Он вдруг резко сорвался на крик:
– Но сейчас это и мое дело тоже! Что ты творишь, Джон?! Если ты играешь с Зоной в лице этого убийцы – дьявол с тобой, с ним, со всеми вами! – Ингл впился в Карпентера воспаленным взглядом, проорал: – Во что ты вмешал моего сына?!!
– Я?! – Джон не собирался уступать. – Я никого ни во что не вмешивал! Может быть, кое-кому следовало бы лучше следить за мальчишкой? Или хотя бы объяснить ему, что город это не полянка с цветочками?!
– Джон…
Разумеется, отец сам давно себя в этом обвинил, но Карпентеру было не до тактичности.
– Да! Мне, чёрт возьми, приходится изображать дипломата, потому что далеко не всё и далеко не всегда можно решить силой! Особенно с этими! Ты не хуже меня представляешь себе, что они такое – и война с Underworld кажется тебе хорошей идеей?! Да, я говорил с ним, но я понятия не имею, откуда у него этот номер. Питер, мальчик в безопасности, практически в порядке, какое тебе нахрен дело до подробностей?
Ингл как-то сгорбился, сцепил пальцы, проговорил с трудом, не обвиняюще, а с болью:
– Боже, ведь мы с тобой давно знакомы. Ты можешь мне доверять. Клянусь, я… пойму, ведь это из-за меня! Джон… чем ты заплатил ему за Джереми?
Ингл поднял голову и очень удивился при виде нервной улыбки Карпентера.
– Заплатил? То ты говоришь – игры, теперь торговля… Странно ты себе всё представляешь. Хотя страннее, чем есть на самом деле, никто не придумает. – Он устало вздохнул. – Знаешь, Питер, я ничего объяснять не буду. Слишком долгий получился бы рассказ. Пожалуйста, поверь – я не предатель.
– Но я не…
– Ты именно. Но я не в обиде. На твоем месте я б тоже задумался. Всё настолько сложно, что… нет, я даже сформулировать не могу.

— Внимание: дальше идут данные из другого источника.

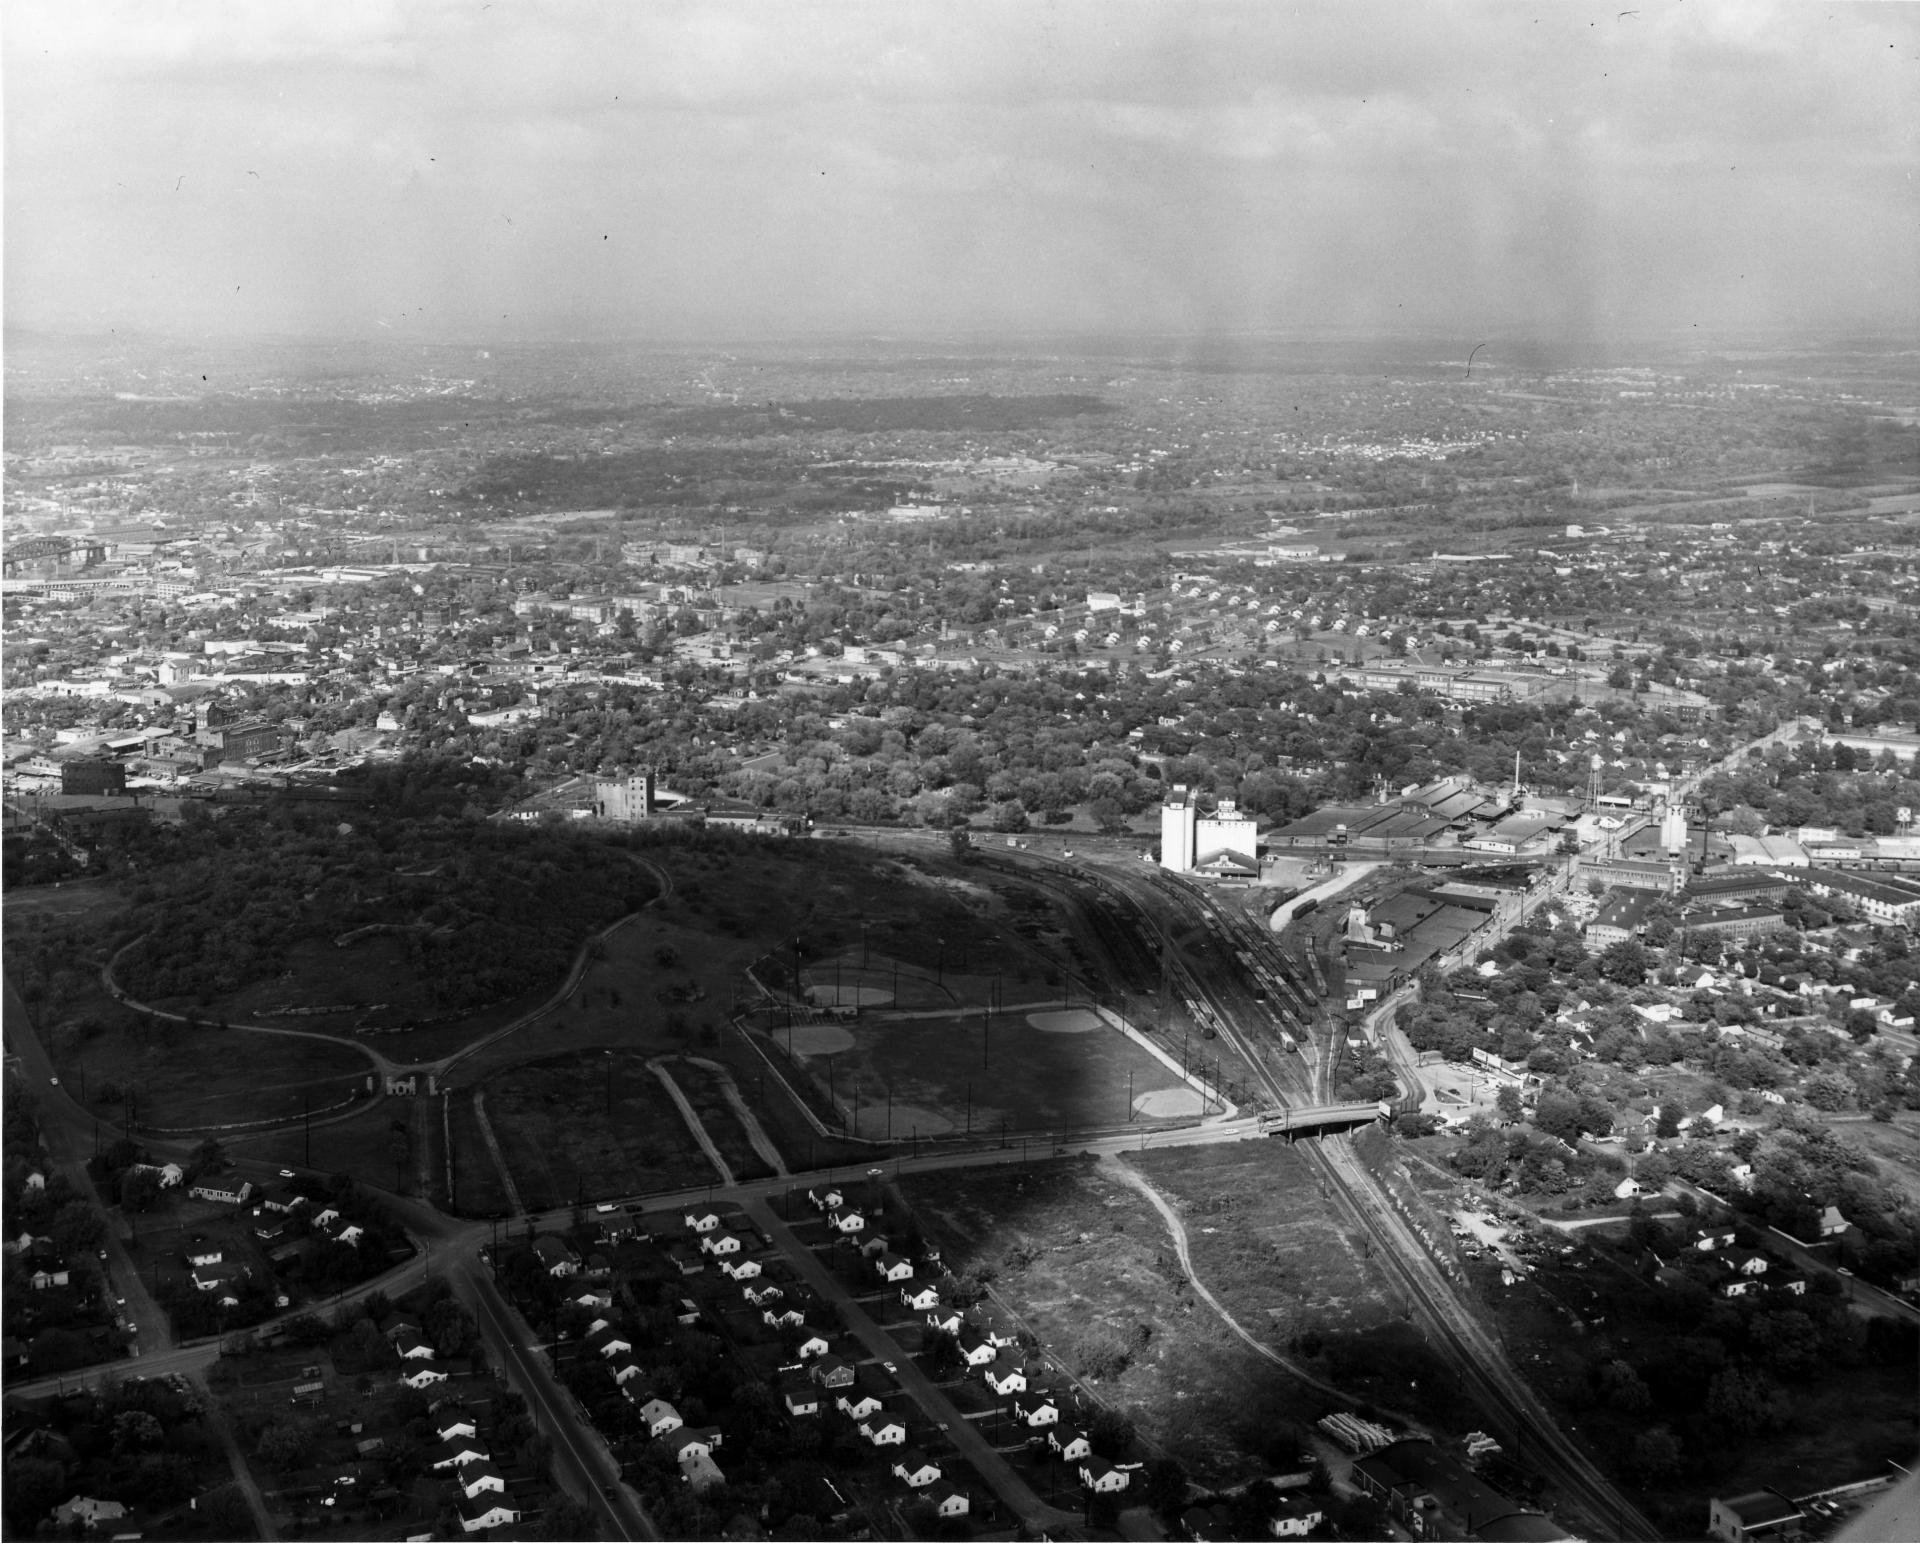 Fort Negely Park aerial view, 1940, courtesy of Battle of Nashville Trust

– Этот ублюдок тебя шантажирует? Я тогда…
– Питер, этому ублюдку я обязан жизнью Джессики. Немедленно забудь, что я сказал.
– Что?
– …А ты – жизнью Джереми.
Ингл хватал ртом воздух.
– Ему?! Что ты такое несешь?!
– Прими как данность. Если б не его добрая воля, твоего сына уже б не было. Я знаю, что говорю.
– Но… это бред.
– Всё очень сложно. Ситуация запутанная до жути, и если ее кто-то контролирует, то это явно не я. Но… меня устраивает результат. Питер, если ты подумаешь, ты скажешь то же самое.
– Я не понимаю.
– Я тоже. –Карпентер закрыл лицо руками, оперся локтями на стол, из-под ладоней глухо прозвучало: – Боже мой, Питер, он странный парень, он страшный человек… Рядом с ним я чувствую беспомощность. Игра – да, но играет он, а не мы с ним. У него все козыри, но он их не использует, ни разу еще, ни разу! Но я знаю, что они у него, и он это знает…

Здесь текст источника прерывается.